Pra minha surpresa ele era diretor do Instituto de dança da Unicamp, precisava de alguém disposto a acompanhar ensaios, conhecer as alunas (na época todas meninas) e fotografar as apresentações, as fotos poderiam ser oferecidas para as próprias alunas, que precisavam criar seu portfólio.
Era melhor que eu esperava, teria acesso livre a um estúdio, me aproximaria do pessoal das artes, uma quantidade grande de modelos a disposição, acompanharia diversos espetáculos e o desafio de fotografar em ambiente de pouca luz, sem flash e sem poses. Era quase um trabalho voluntário, mas tinha potencial demais para ser descartado.

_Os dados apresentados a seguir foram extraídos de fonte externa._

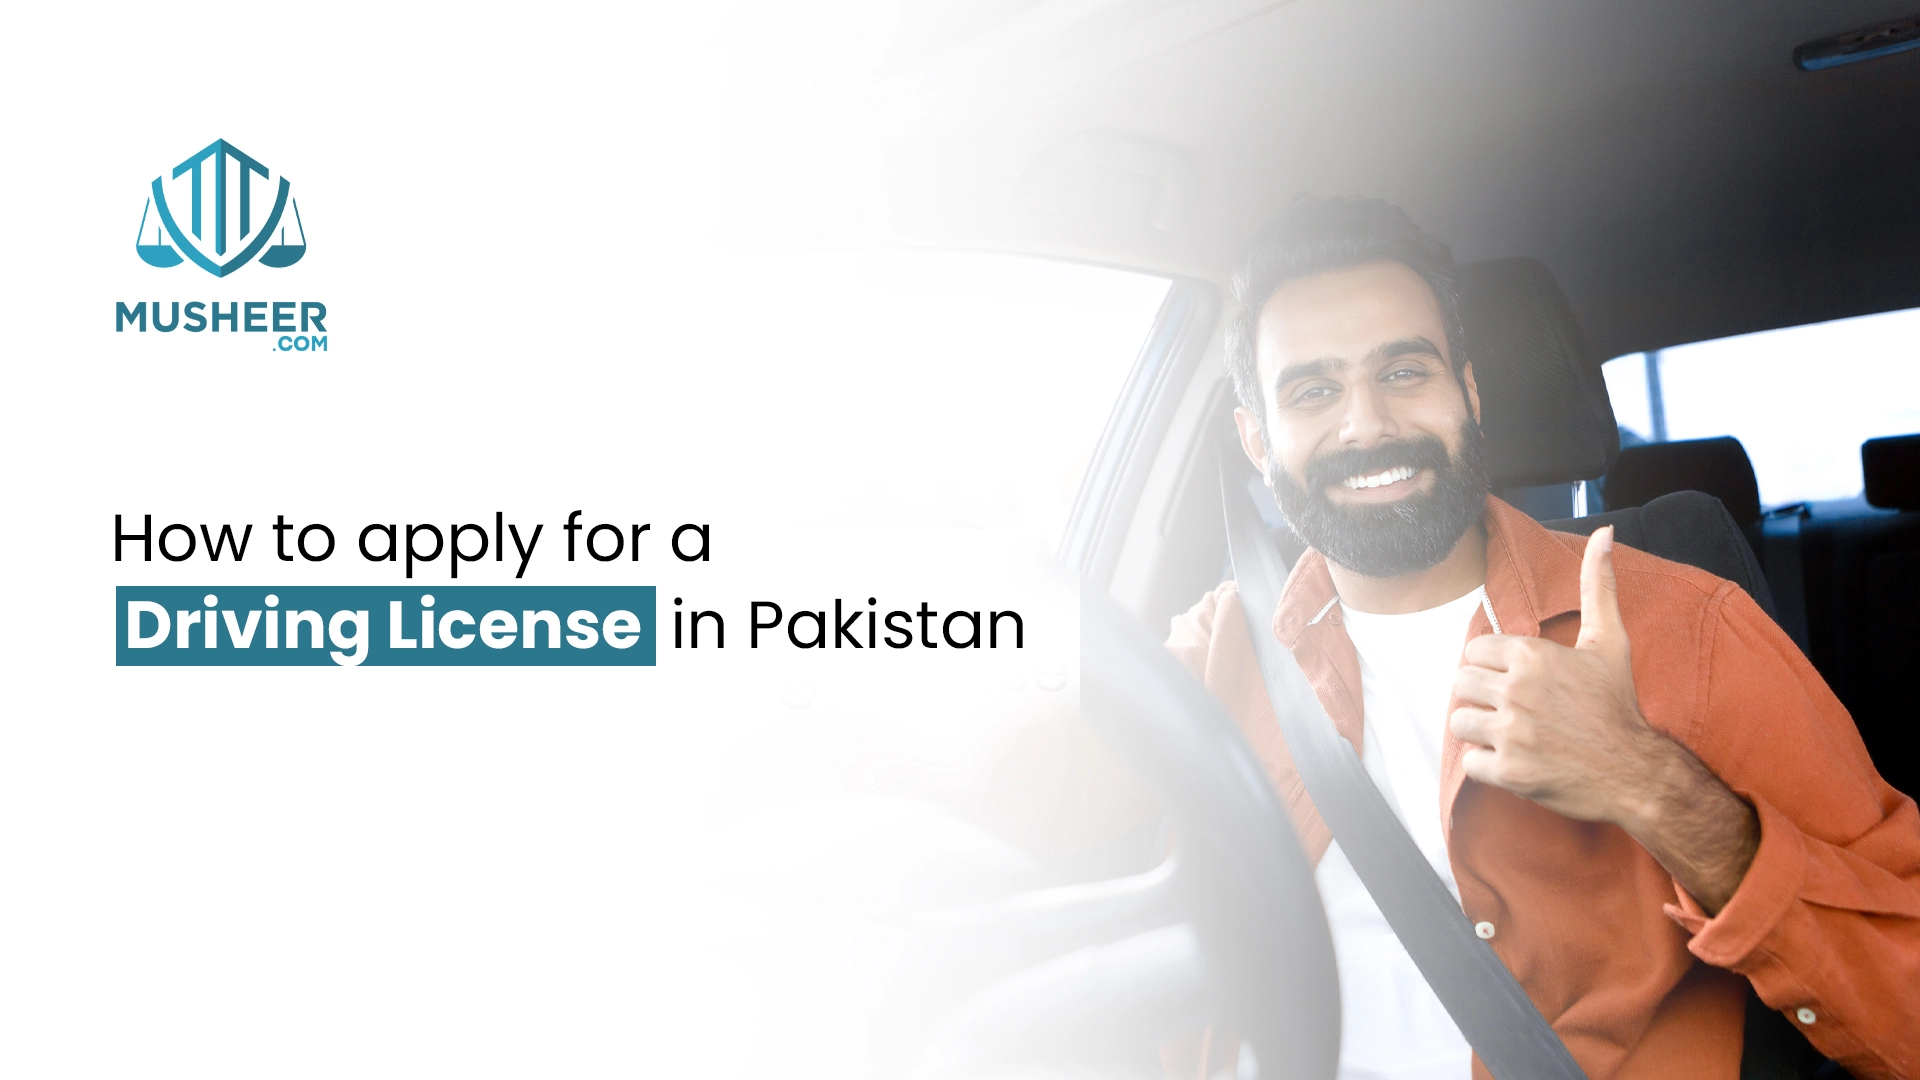 How To Apply For A Driving License Online In Pakistan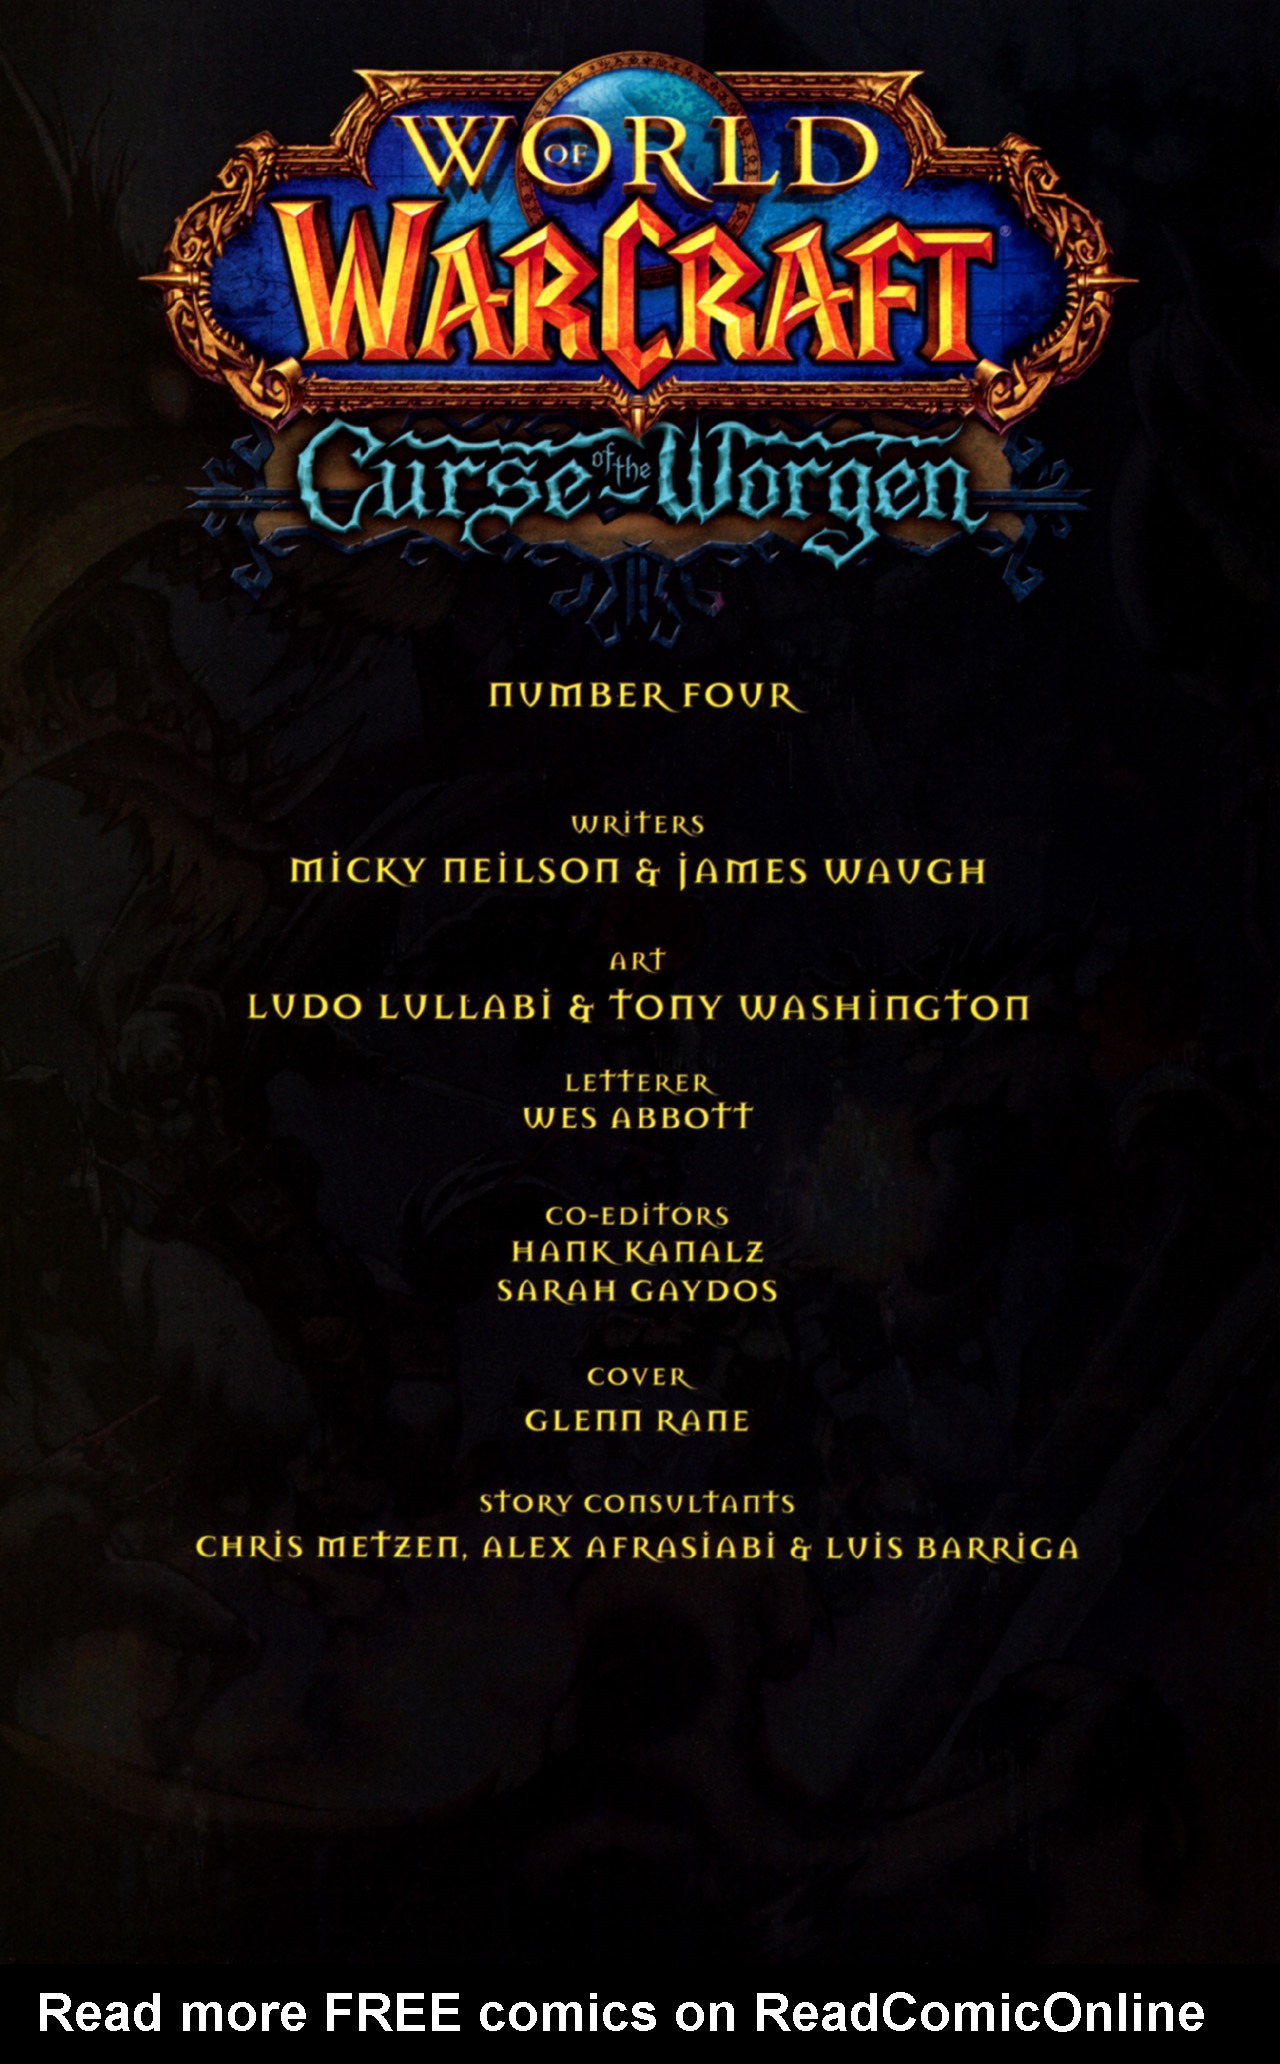 Read online World of Warcraft: Curse of the Worgen comic -  Issue #4 - 2

Até minha formatura, mais de 3 anos depois dessa noite, eu me vi envolvido com isso, meu tempo ficou bastante dividido entre as apresentações de dança, o tempo no laboratório fotográfico, algum estudo extracurricular em fotografia e os extensivos estudos em engenharia elétrica, que afinal era o curso que eu fazia.

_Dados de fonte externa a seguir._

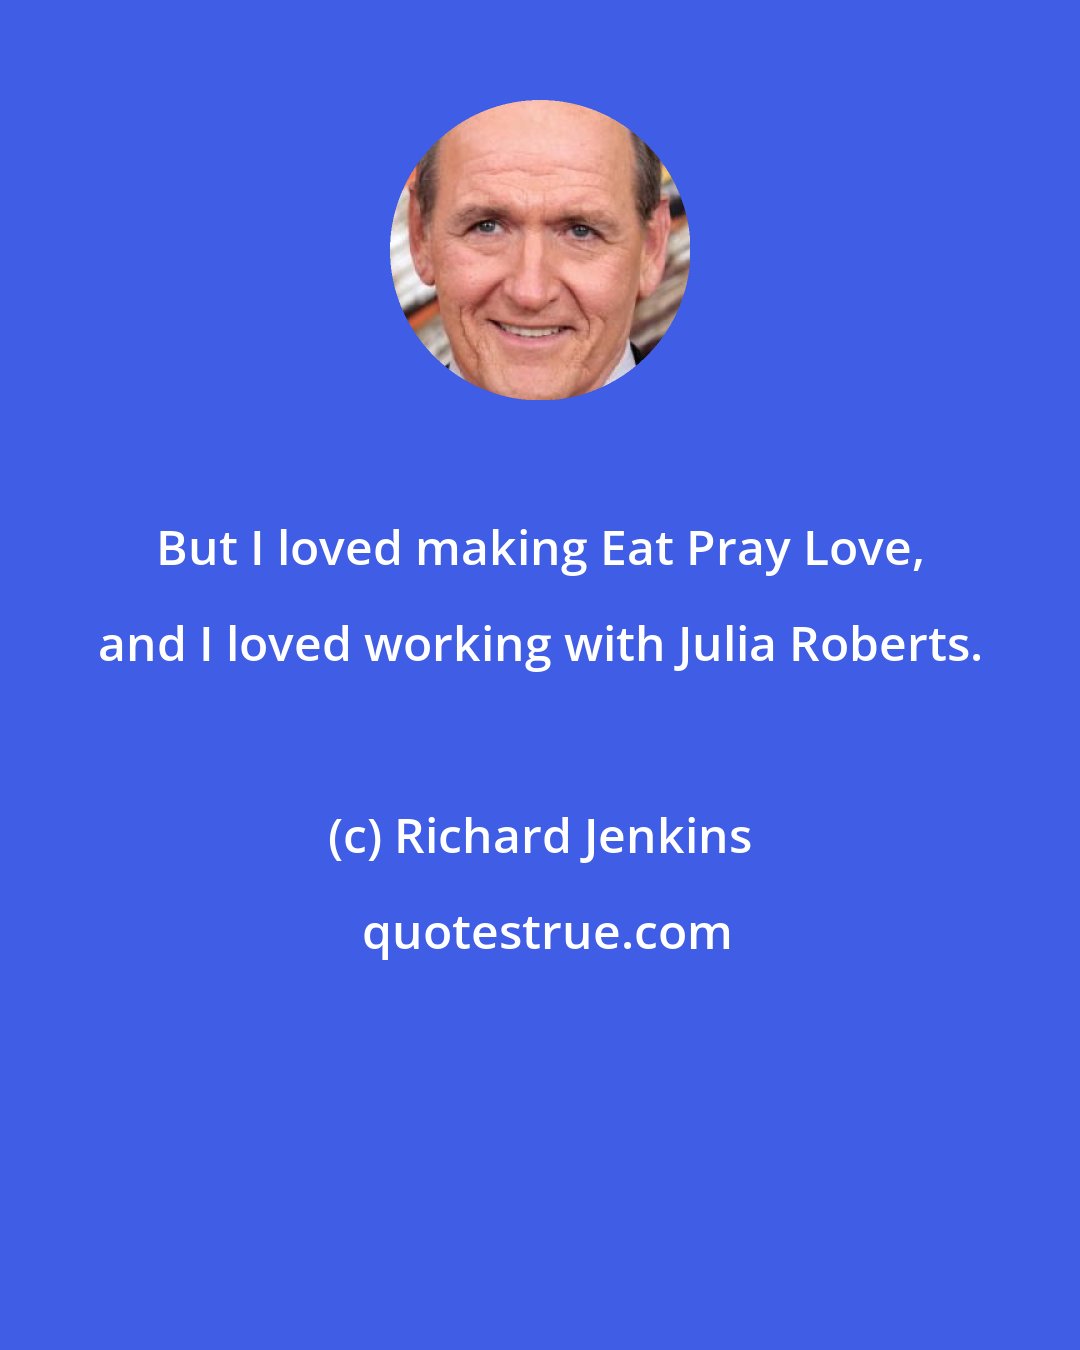 Richard Jenkins: But I loved making Eat Pray Love, and I loved working with Julia Roberts.

Nem precisa ser muito esperto que eu não estava exatamente preparado para o desafio, minha maquina fotográfica era simples, meu entendimento sobre linguagem fotográfica, pífio, mal havia aprendido a revelar uma foto havia 1 ano e usava um laboratório montado há mais de 20 anos, mas ok, percebendo isso naquele semestre mesmo consegui vaga como aluno especial na artes, fiz várias matérias interessantes e as fotos começaram a ganhar corpo, foi uma época boa demais pra mim, aprendi demais não somente como operar uma máquina, mas pontos que se relacionavam a necessidades humanas de pessoas muito fora do grupo que eu pertencia, eram muito presentes, também me tornei mais paciente (quem me conhece pode questionar isso, mas é verdade), afinal diferente de hoje que vemos a foto logo que a tiramos em uma máquina digital, o filme precisava de um exaustivo processamento antes de te oferecer as fotos que tirou, as vezes dias eram necessários até que eu terminasse de revelar o filme e ampliasse as fotos e só então ter algo para mostrar.

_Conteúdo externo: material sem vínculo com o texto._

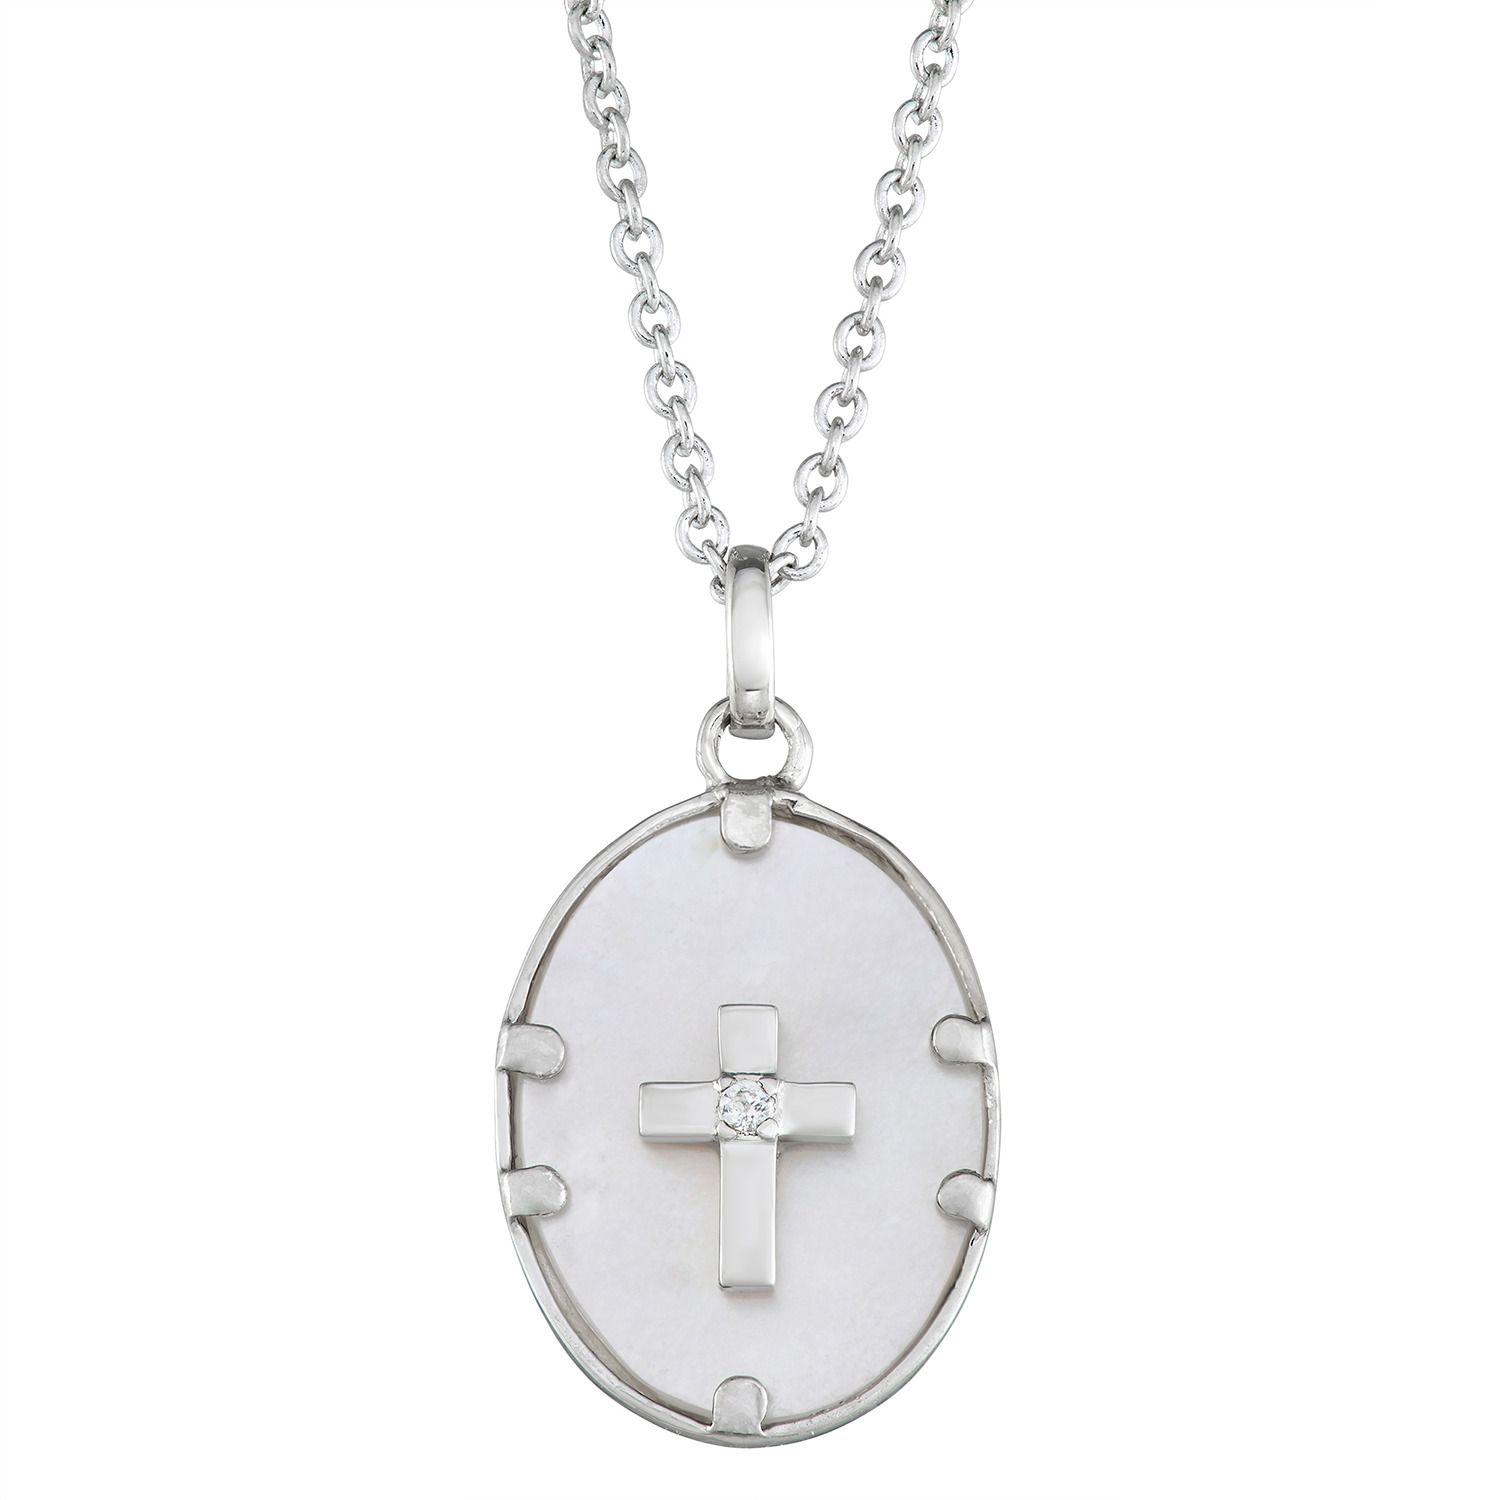 Image for Harper Stone Silver Plated Cross Cubic Zirconia Pendant at Kohl's.

Nem sempre as fotos ficavam como eu queria, nem sempre as que eu gostava eram as que eram elogiadas pelas meninas, nem sempre conseguia vender alguma, mas nada disso havia se tornado fundamental depois de poucos meses fotografando a dança, foi uma escola de vida, conheci pessoas fantásticas, aprendi sobre luz, sobre filmes, sobre movimento, assisti mais espetáculos que imaginei na época seria possível acompanhar, percebi beleza onde a estranheza dominava, entendi que embora tudo acabasse em imagens estáticas, a plasticidade de um momento era diferente de quando vista somada ao movimento.
O encantamento por fotografia nunca mais saiu de mim, quando estava perto de me formar até mostrei uma centena dessas fotos a um fotografo amigo, não sei se ele foi só amigo 😃 , mas elogiou bastante, foi bastante recompensador na época.
Depois que essa fase acabou, essas fotos passaram anos esquecidas em gavetas, algumas sequer haviam sido ampliadas, reencontrá-las, lembrar o quanto aprendi e dos bons momentos que passei por anos graças aquela conversa no bar, me fizeram rever pontos na vida, até me motivaram a voltar ao trabalho voluntário, mas agora quero compartilhar algumas dessas fotos com vocês, é a primeira vez que coloco essas fotos em um lugar público e há ainda muitas histórias dessa fase por publicar aqui no site, pode esperar.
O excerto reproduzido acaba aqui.